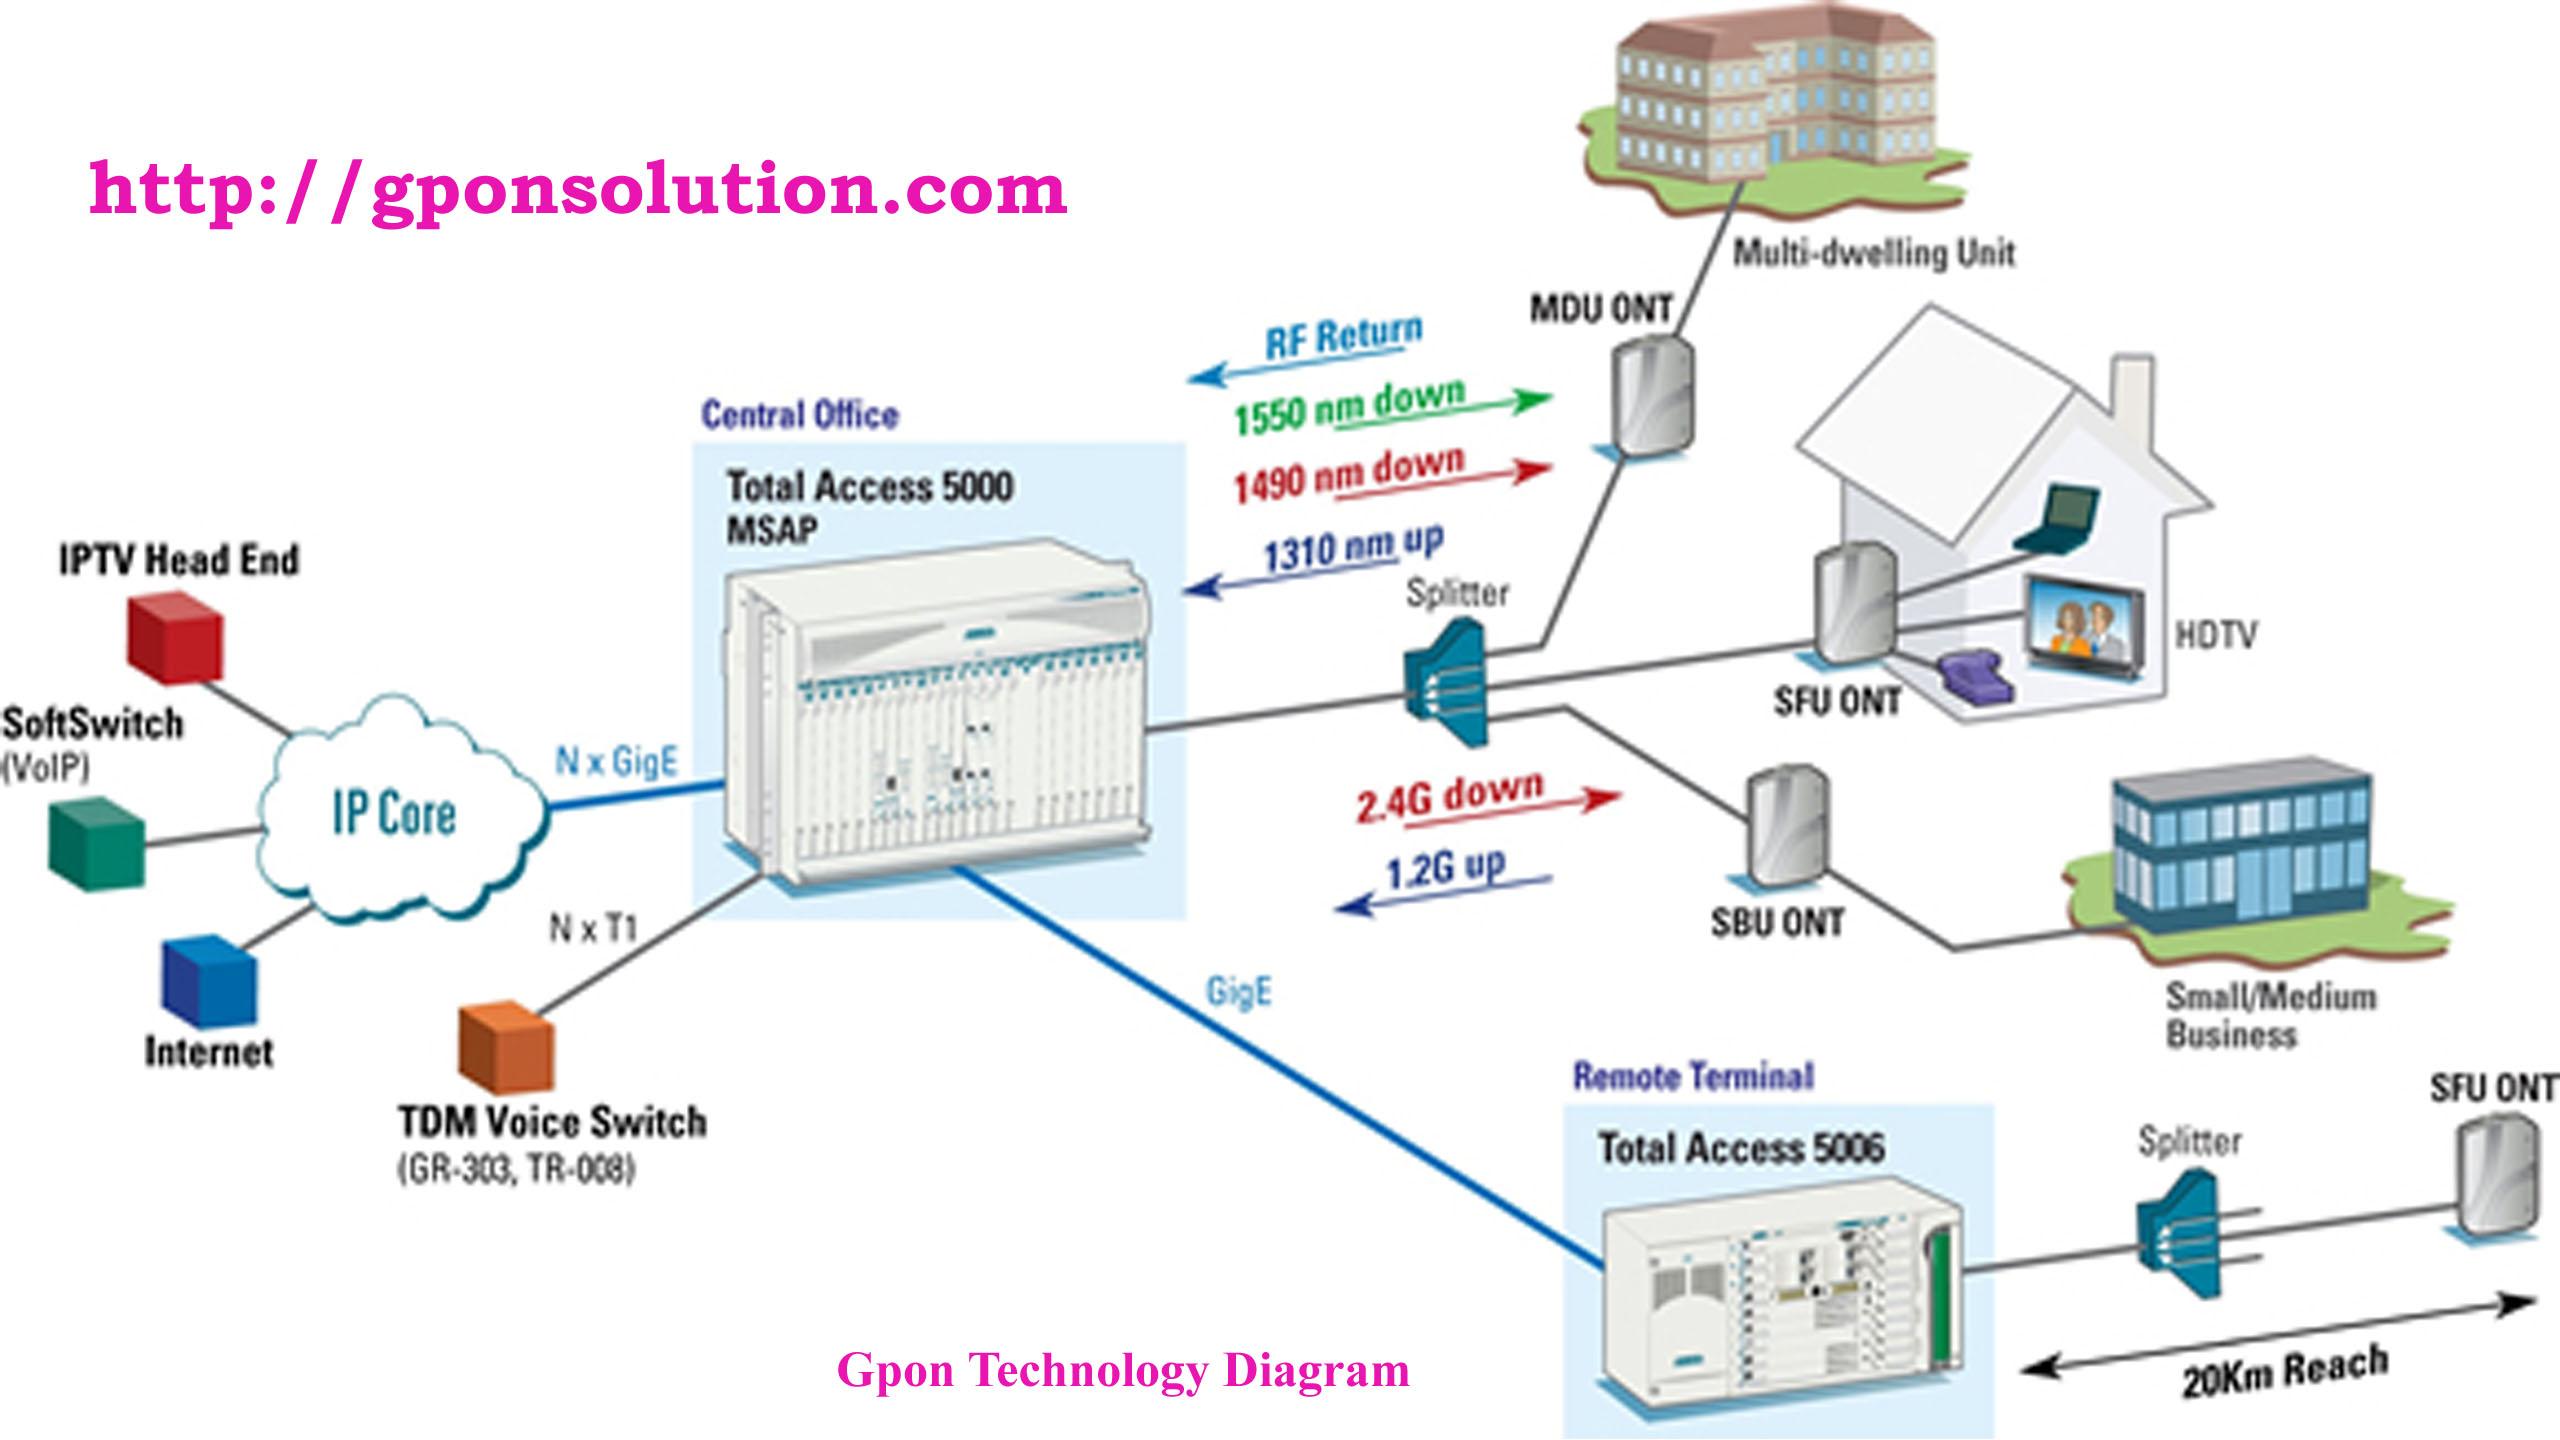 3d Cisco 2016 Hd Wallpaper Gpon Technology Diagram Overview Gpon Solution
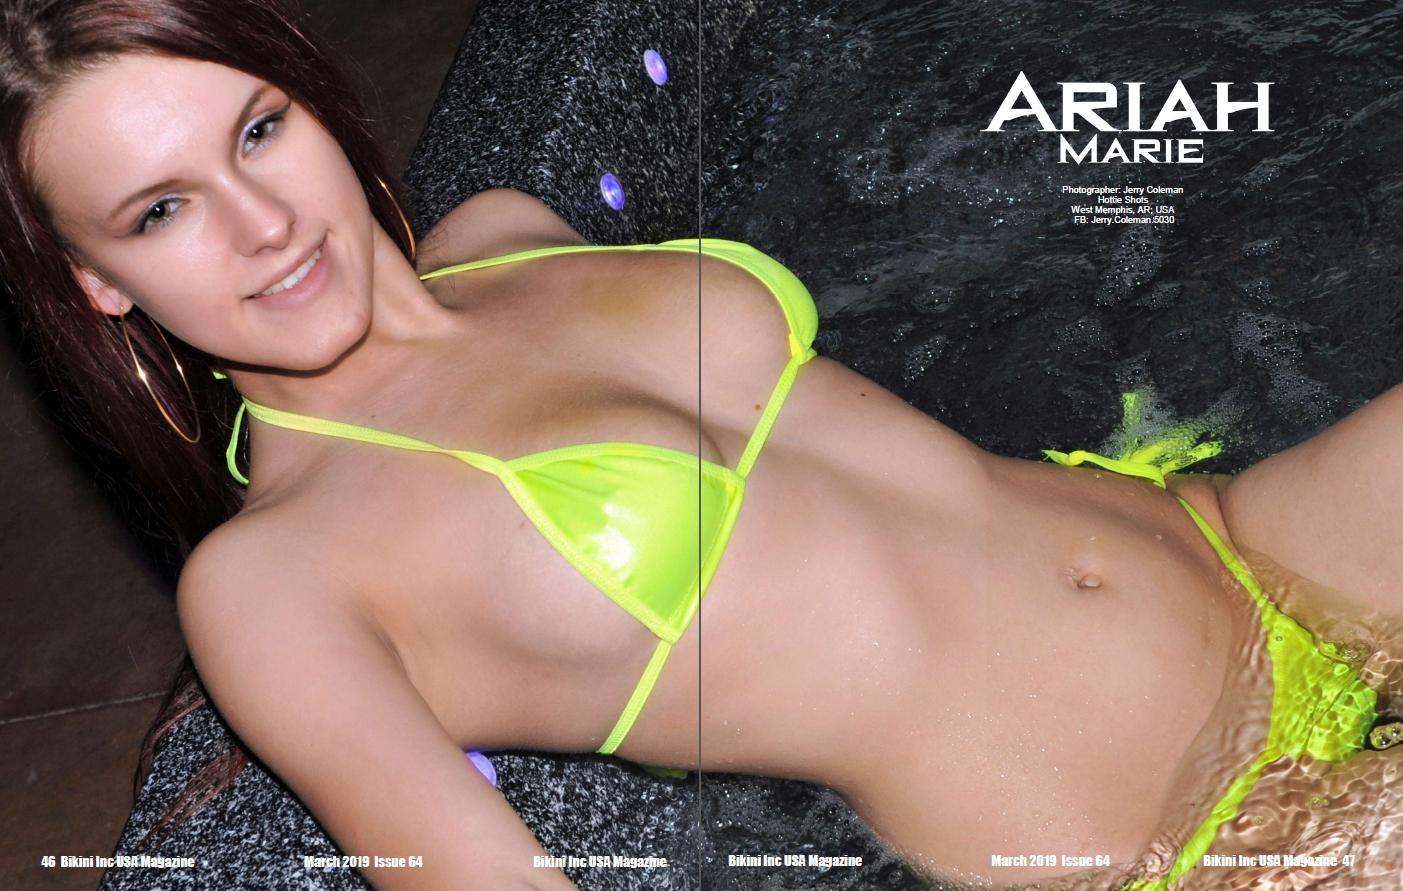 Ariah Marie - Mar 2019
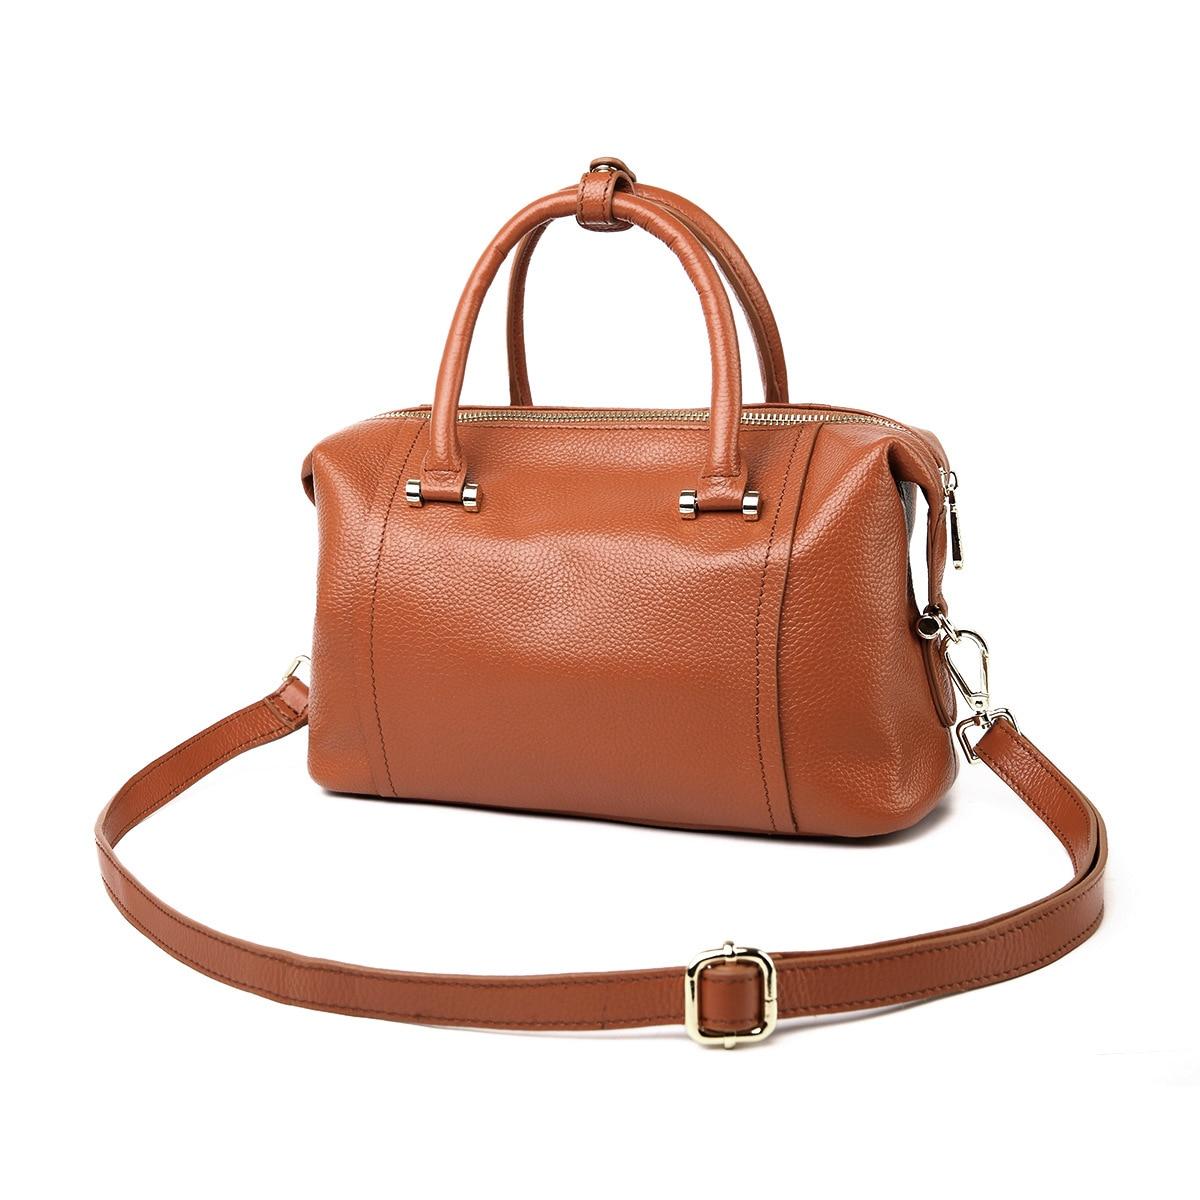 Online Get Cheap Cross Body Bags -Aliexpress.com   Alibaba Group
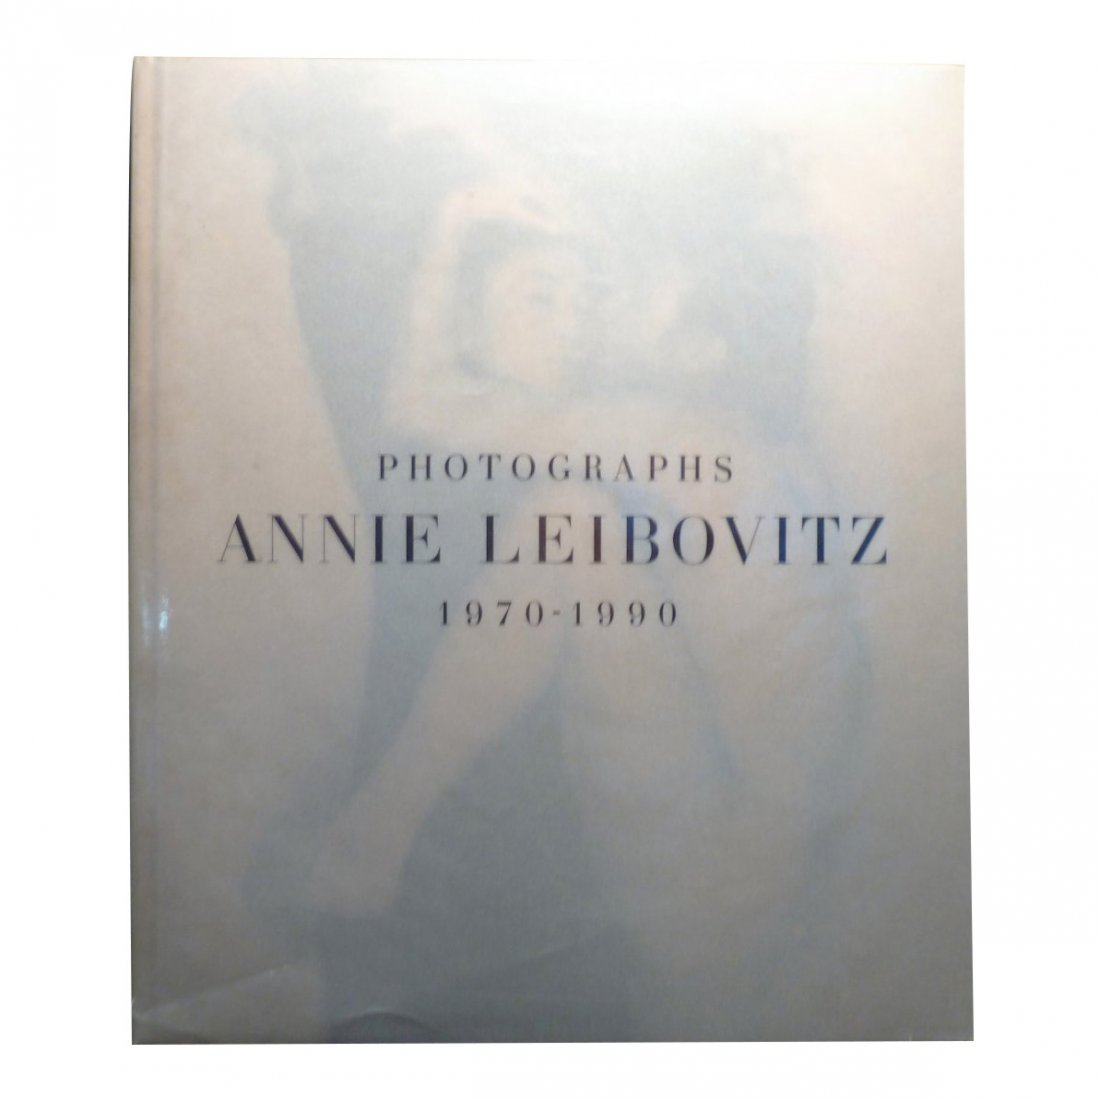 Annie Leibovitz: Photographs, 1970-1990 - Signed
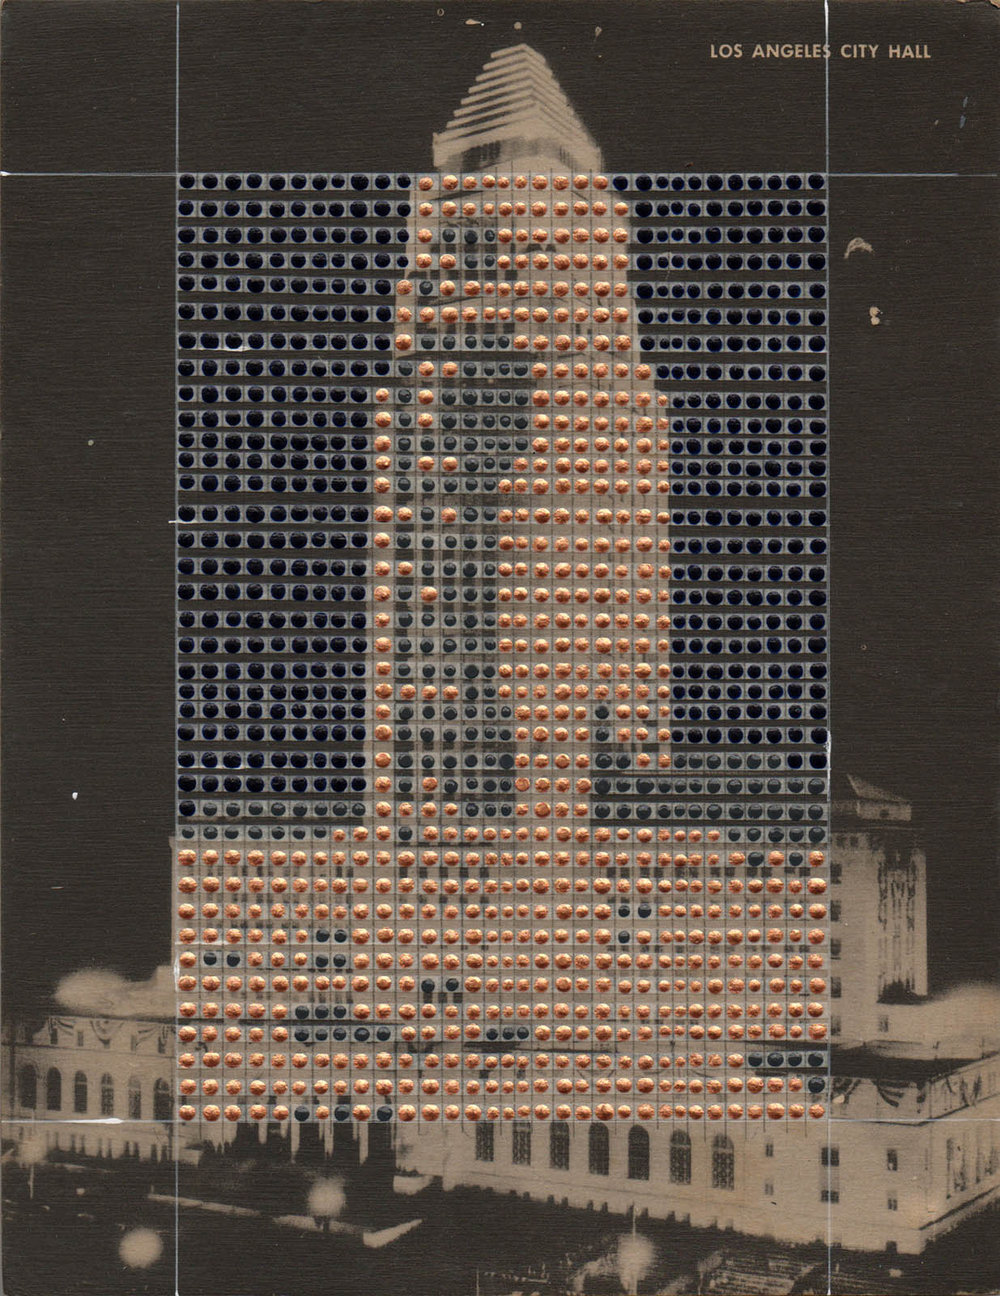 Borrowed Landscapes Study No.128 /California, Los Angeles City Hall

--

**What the task requires**.
All of the material shown above needs to be duplicated exactly. Omit every picture.

**Response to the task**.
 3d Cisco 2016 Hd Wallpaper Gpon Technology Diagram Overview Gpon Solution
 Ariah Marie - Mar 2019
 Online Get Cheap Cross Body Bags -Aliexpress.com   Alibaba Group
 Annie Leibovitz: Photographs, 1970-1990 - Signed
 Borrowed Landscapes Study No.128 /California, Los Angeles City Hall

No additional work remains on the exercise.